(Recorded data)
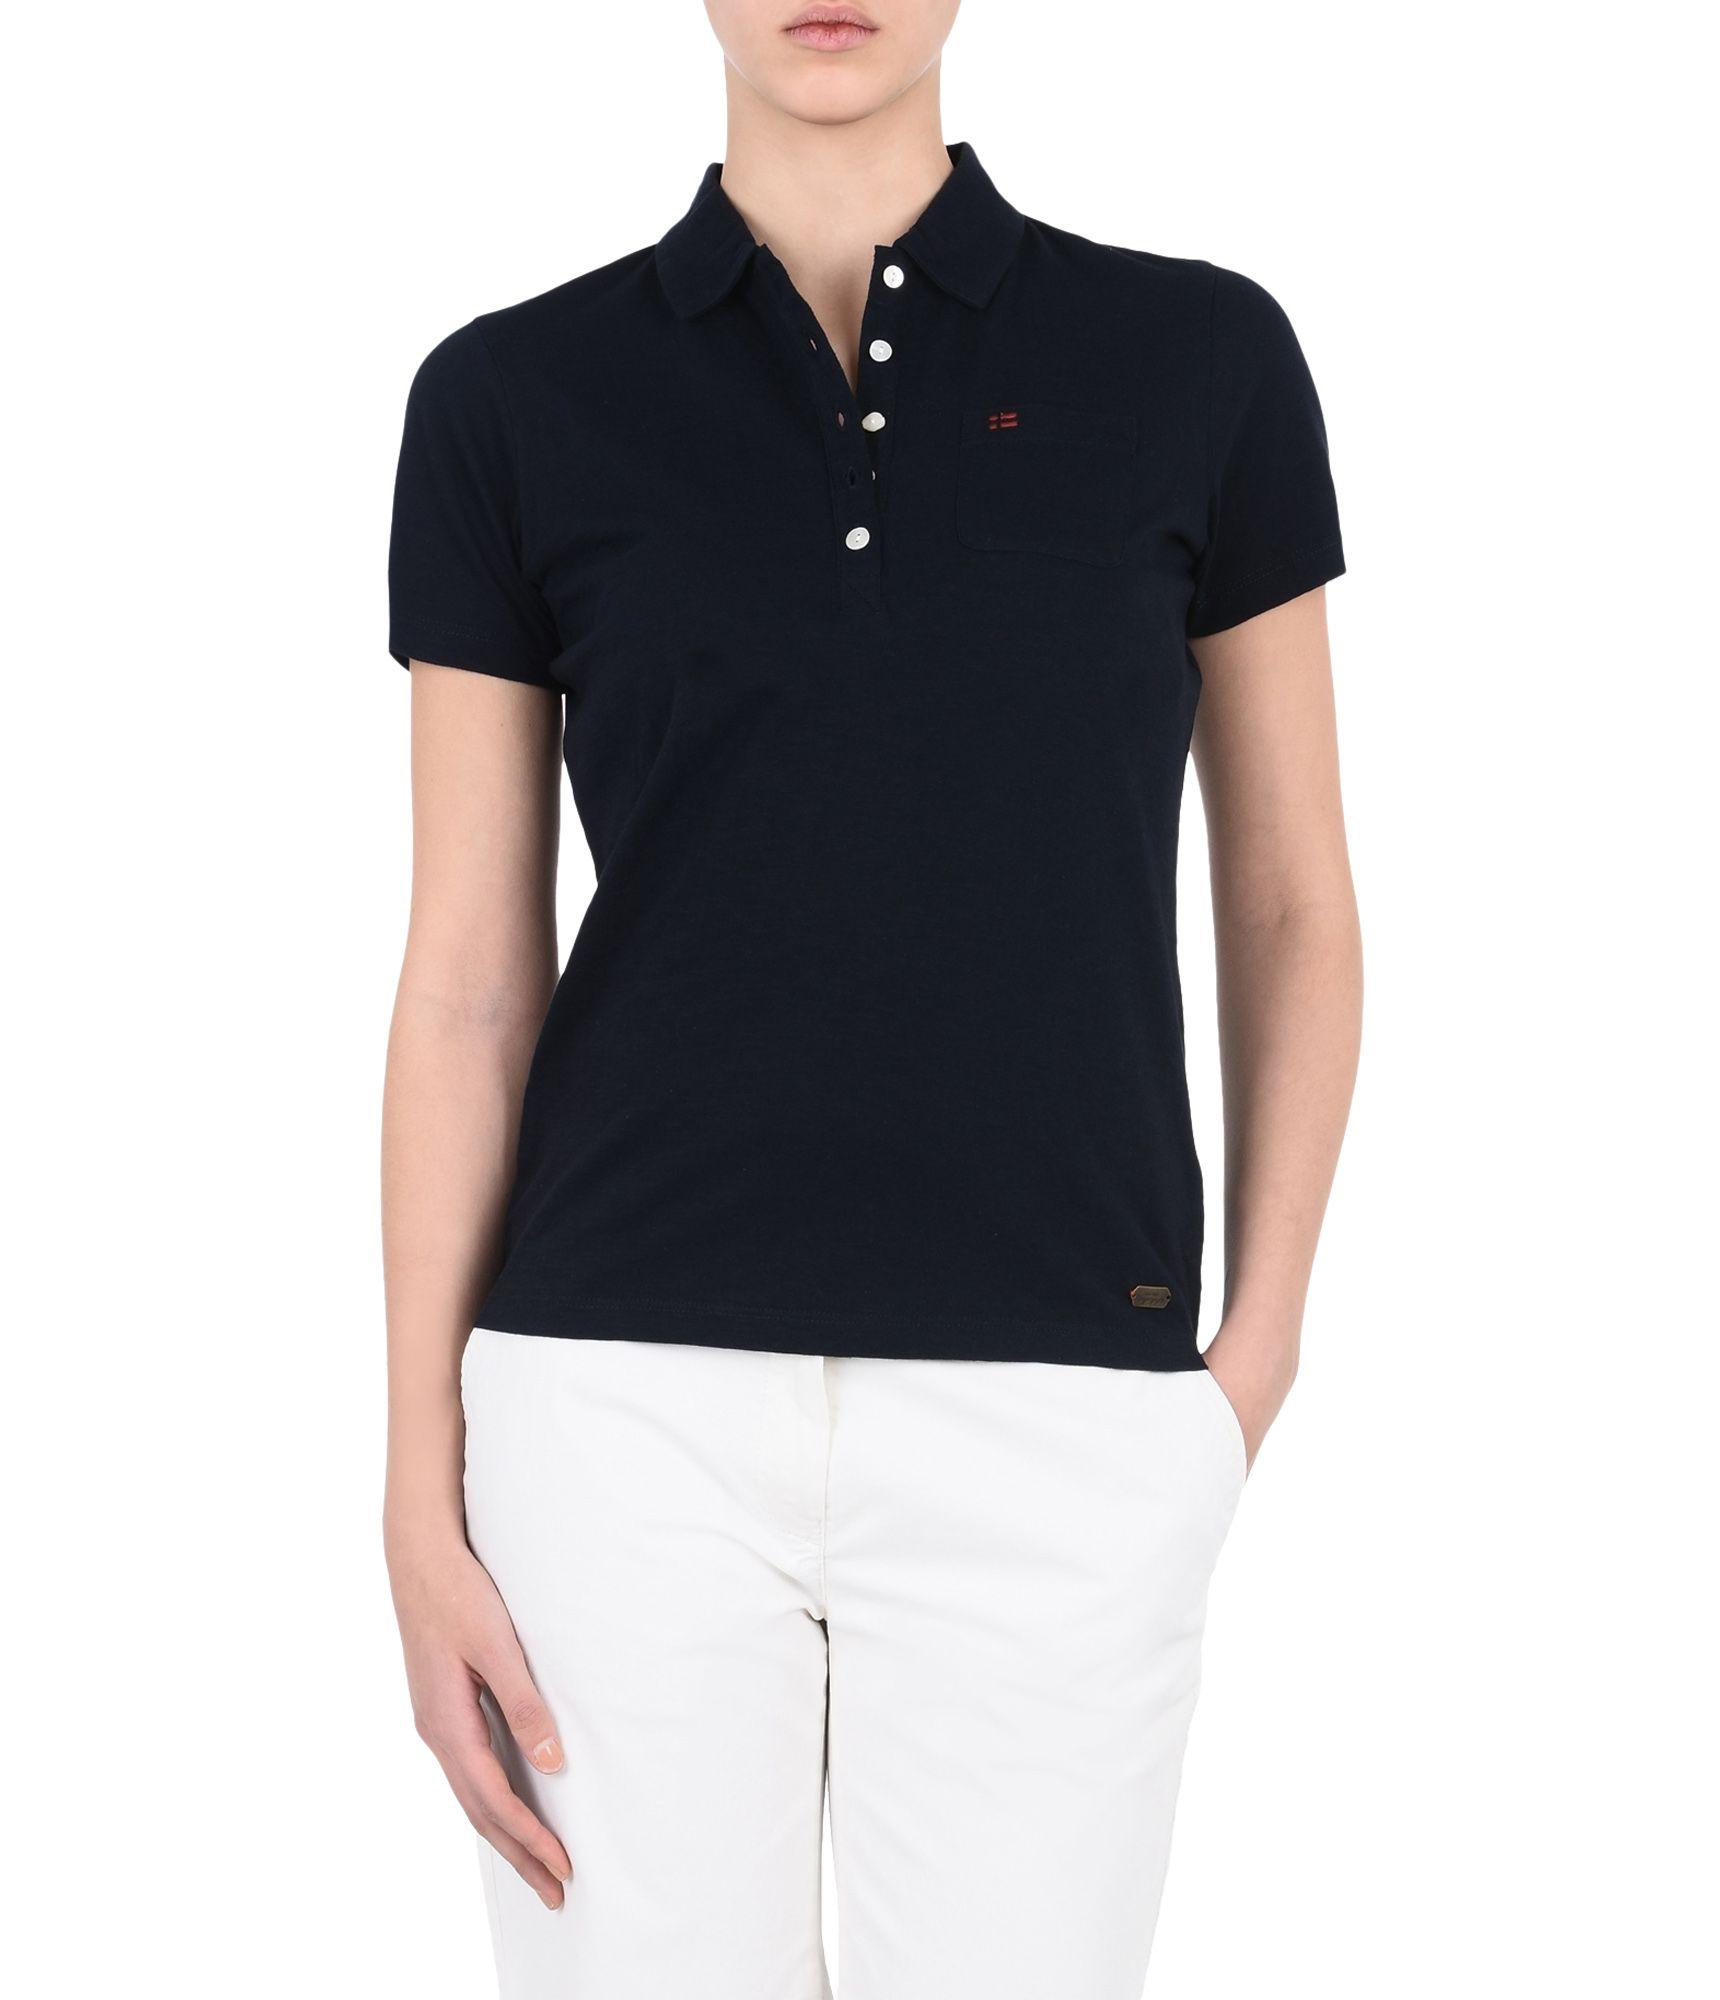 Artikel klicken und genauer betrachten! - Polo-Shirt mit kurzen Ärmeln Leichtes Jerseymaterial Schmale Frontknopfleiste Eine Tasche Grafikelemente | im Online Shop kaufen
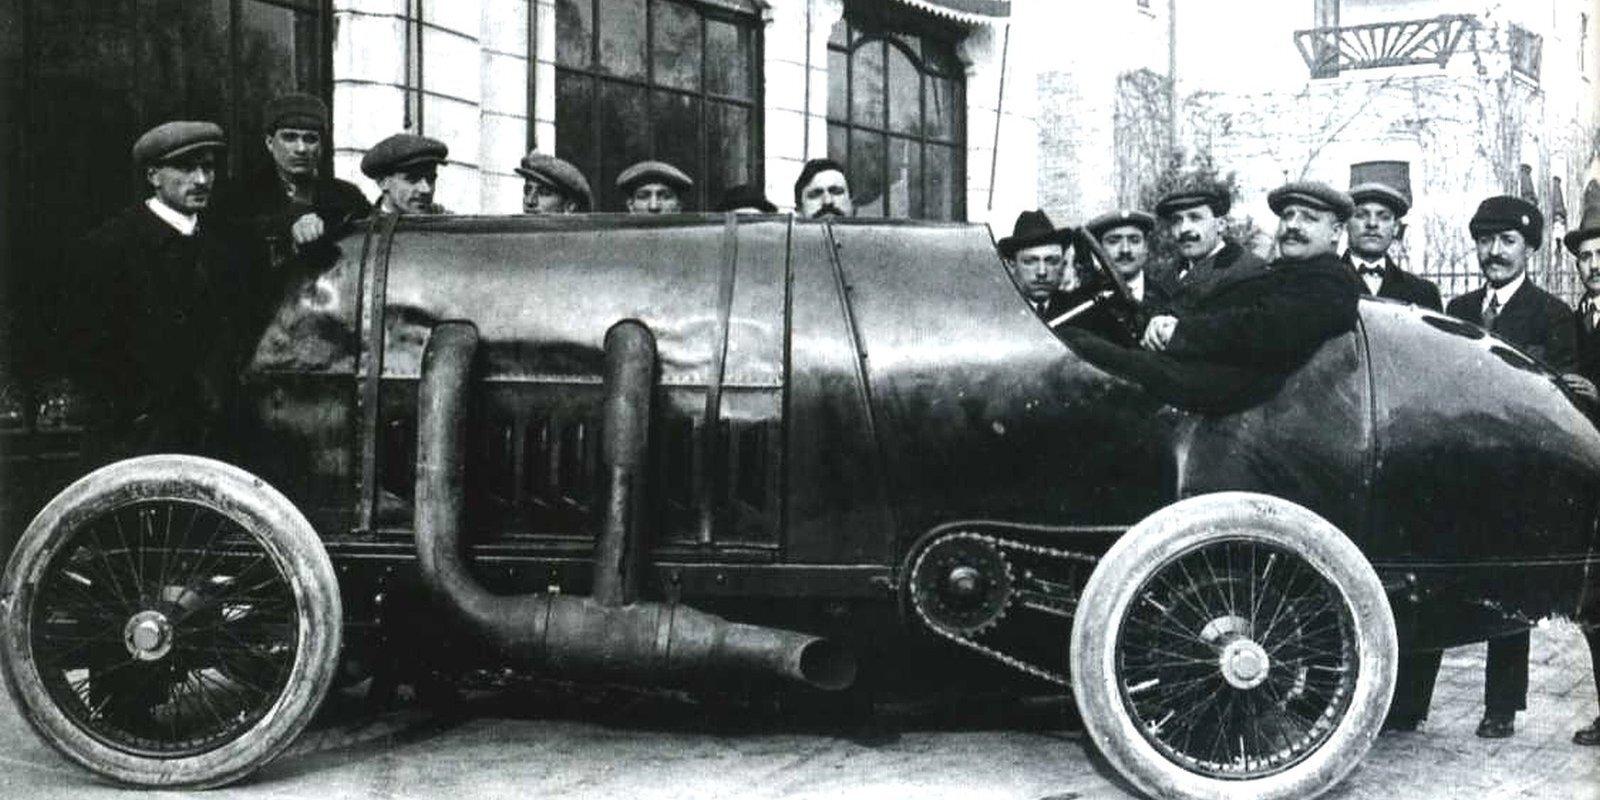 'Turīnas Briesmonis' ar autobūves vēsturē joprojām nepārspēti vislielāko motoru
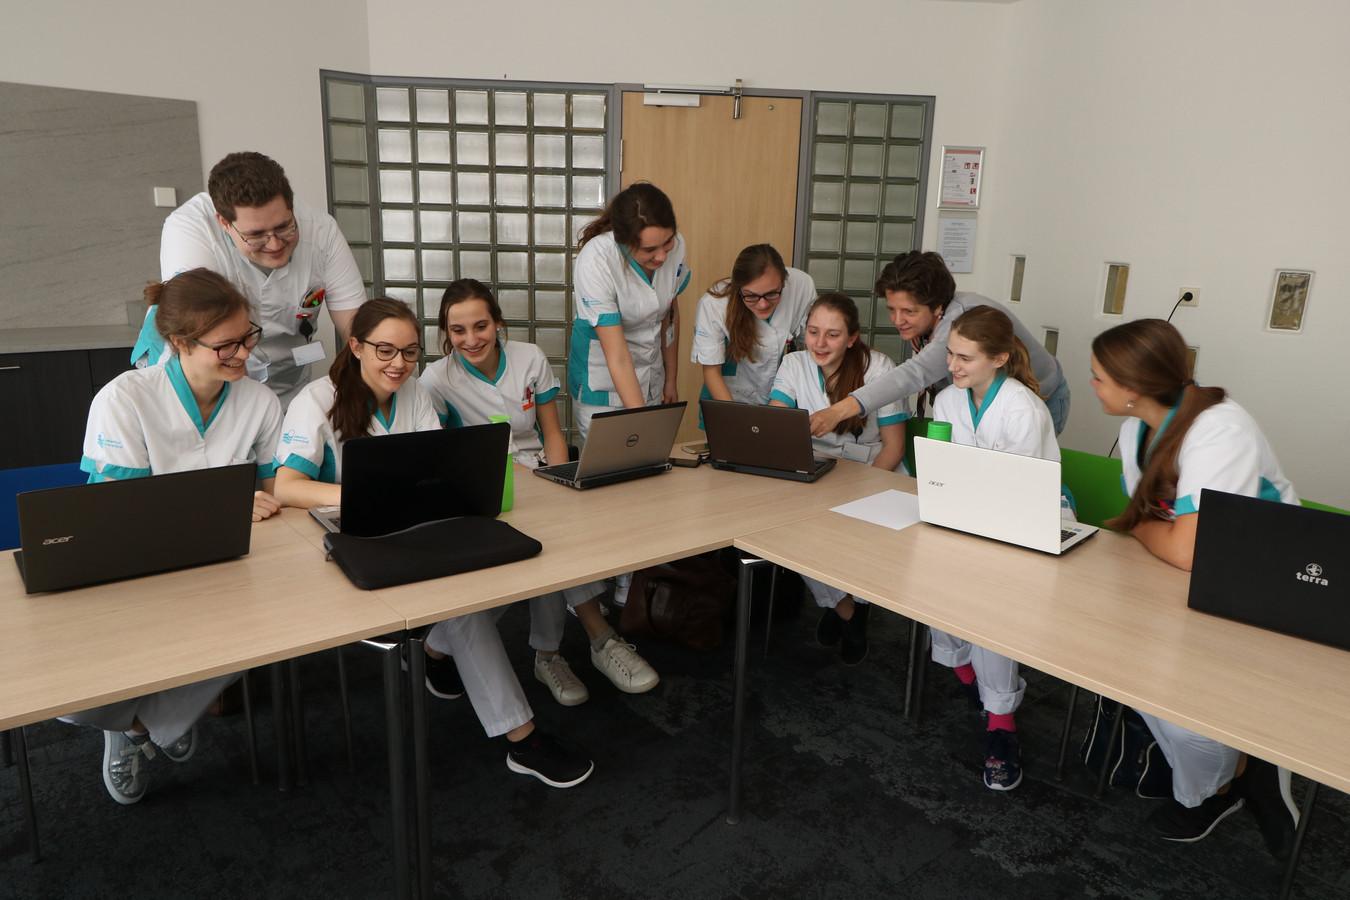 In Ziekenhuis Rivierenland Tiel is nu al een leerteam met HBO-ers actief tijdens een stage. Ook zijn er werknemers die een HBO-opleiding doen. Vanaf september komen er voor het eerst echt studenten in Tiel.
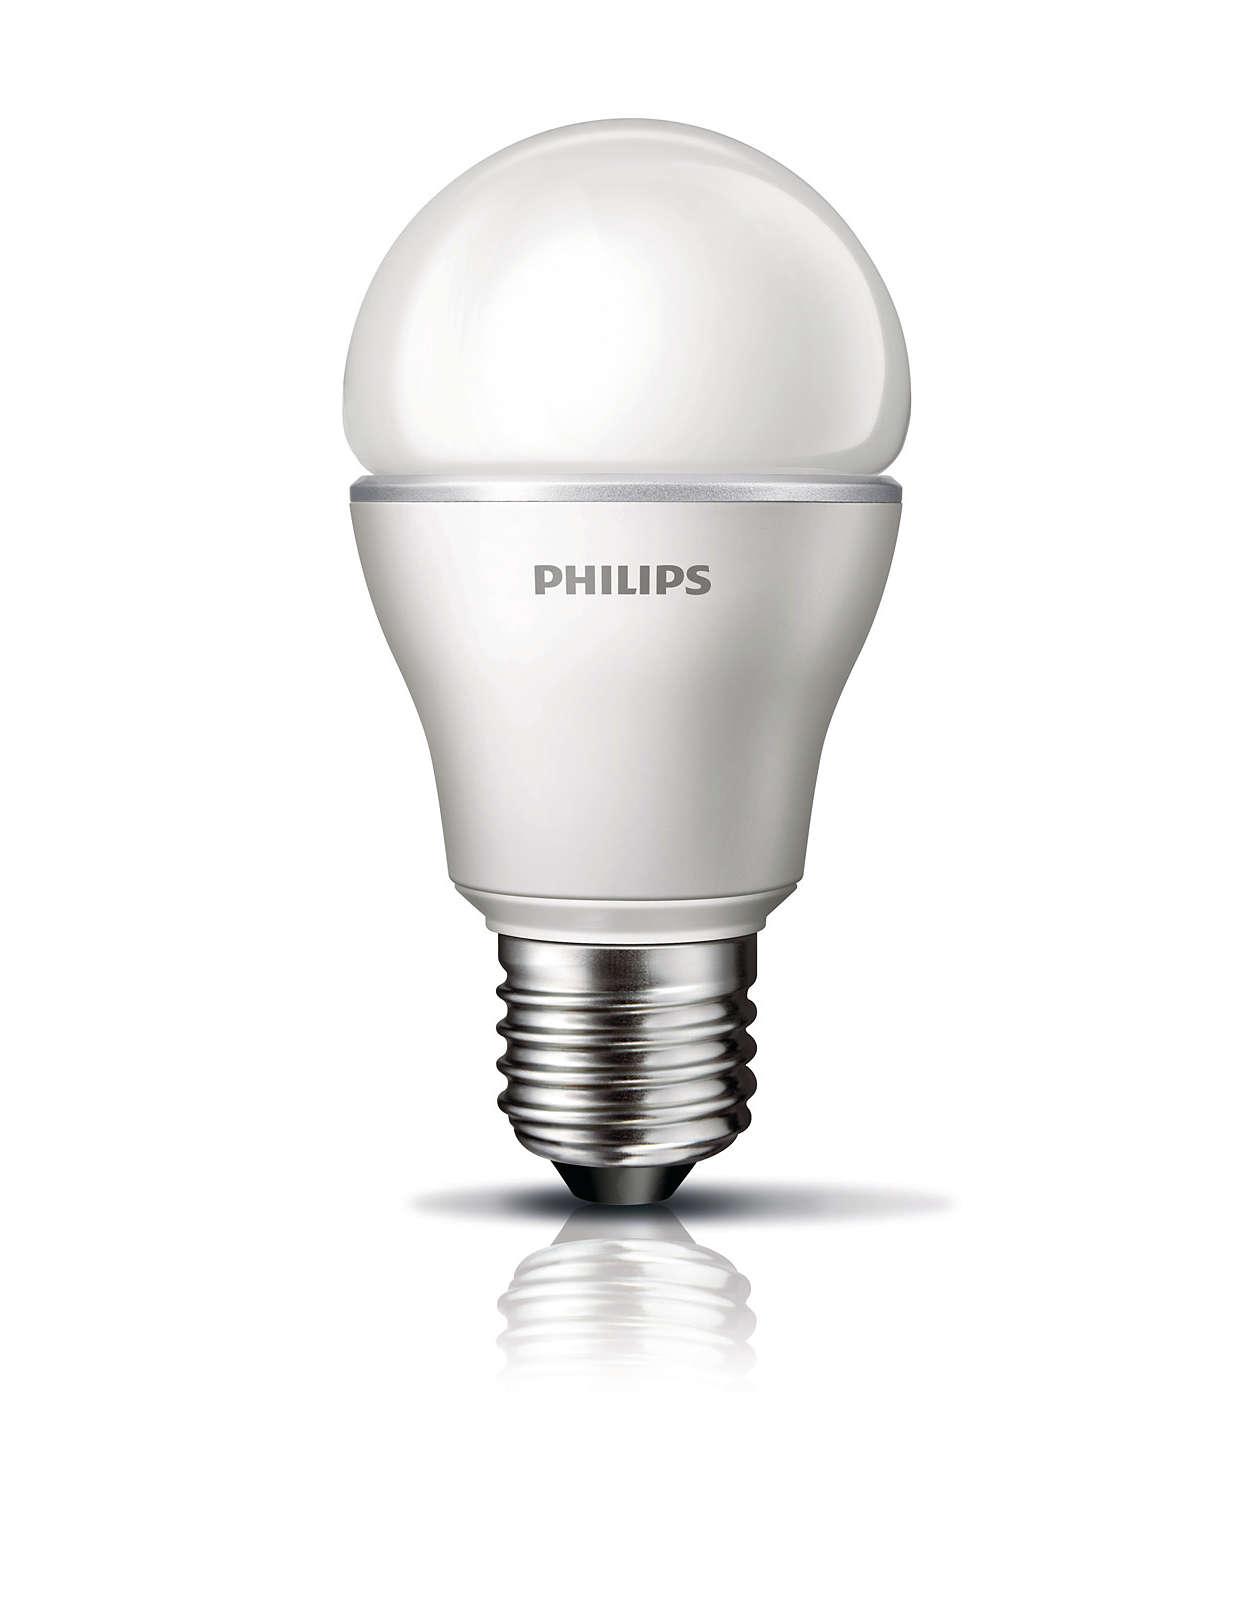 Tökéletes fényminőség, maximális energiatakarékosság
(End Recorded data)
**Work to complete:**
Print the listing exactly, images excluded.

**Answer for this exercise:**
 Artikel klicken und genauer betrachten! - Polo-Shirt mit kurzen Ärmeln Leichtes Jerseymaterial Schmale Frontknopfleiste Eine Tasche Grafikelemente | im Online Shop kaufen
 'Turīnas Briesmonis' ar autobūves vēsturē joprojām nepārspēti vislielāko motoru
 In Ziekenhuis Rivierenland Tiel is nu al een leerteam met HBO-ers actief tijdens een stage. Ook zijn er werknemers die een HBO-opleiding doen. Vanaf september komen er voor het eerst echt studenten in Tiel.
 Tökéletes fényminőség, maximális energiatakarékosság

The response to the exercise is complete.